3. The third technique was an anchored method based on the patient's perspective. The external anchor was the general question on patient perception of change in comparison to baseline. The threshold RAID score for improvement was determined in three different ways. Firstly the RAID-MCII threshold was determined as the 75th percentile of the distribution of changes in RAID score for patients perceiving a slight or moderate improvement [14]. For this purpose, we considered as a potential threshold the score for which 75% of the patients in the targeted category had a value below this score. The second analysis used the correct classification probabilities [24]. For this purpose, we calculated the sensitivity (percentage of patients with a measured change in RAID score below the threshold for patients considering their condition to be at least slightly or moderately improved) and specificity (percentage of patients with a change in RAID score above the threshold for patients considering their condition to be at least slightly or moderately improved). This was done for a range of possible cutoffs and this was plotted on a graph. The choice of proposed cutoff for this analysis was based on maximal sensitivity and specificity using the graphic representation of correct classification probabilities. The third analysis used the nonparametric ROC curves [23]. The optimal cutoff was determined by minimizing the number of misclassified patients. Such evaluations were performed for the absolute and relative changes after 4 and 12 weeks of etanercept therapy.

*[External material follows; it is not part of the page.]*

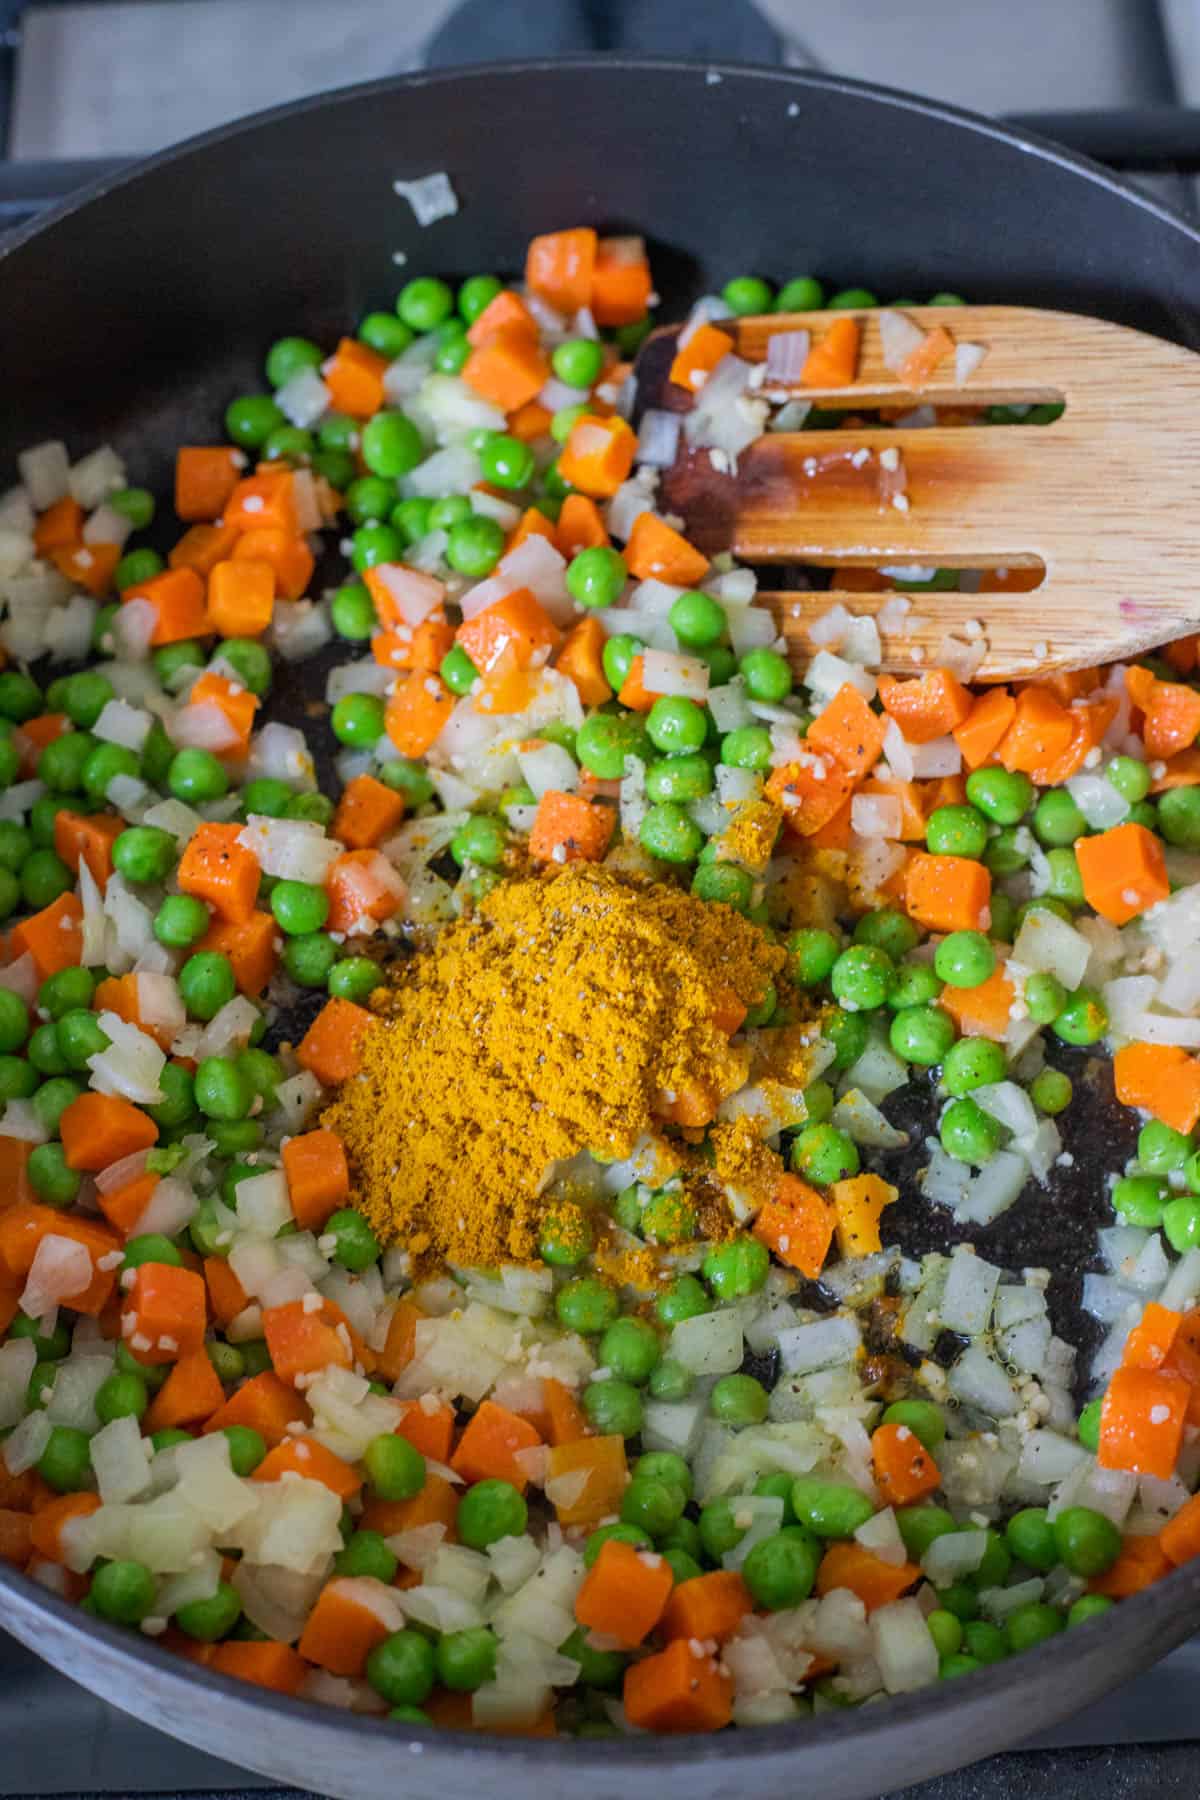 Carrots, peas, and onions, curry powder in a frying pan.

Several similar techniques were also used to determine thresholds describing patients with an acceptable status/condition according to the RAID score:

1. Empirical method with thresholds ≤ 1, ≤ 2 and ≤ 3 according to previous proposals in the rheumatology scientific literature.

2. The anchored method based on the patient's perspective using, as an external gold standard, the general question about patients' perceptions of their condition during the 48 hours before the visit. The RAID threshold for acceptable status was determined using the three different analyses described for the improvement (for example, the 75th percentile, the correct classification properties and the ROC curve technique), with the patients considering their condition as acceptable used as the gold standard. All analyses were performed after 4 and 12 weeks of etanercept therapy.

We then evaluated the validity of all the proposed thresholds. Two external anchors were chosen for this purpose. The first was the gold standard from the patient's perspective: for each proposed MCII threshold, we calculated the percentage of patients with a change above the threshold and who considered their condition to be at least slightly improved, among all patients who considered their condition to be at least slightly improved (for example, sensitivity) and also the percentage of patients with a change below the threshold and who considered their condition to be either worse, unchanged or only slightly improved, among all patients who considered their condition to be worse, unchanged or only slightly improved (for example, specificity). The positive likelihood ratio (LR) was then calculated. A LR greater than one indicates an increased probability that the targeted disorder is present. In our study, the use of LR was transposed to express performance of the RAID threshold in reflecting patients' perspectives. Higher values are indicative of better-performing thresholds. All analyses were conducted at 4 and 12 weeks after initiation of etanercept therapy.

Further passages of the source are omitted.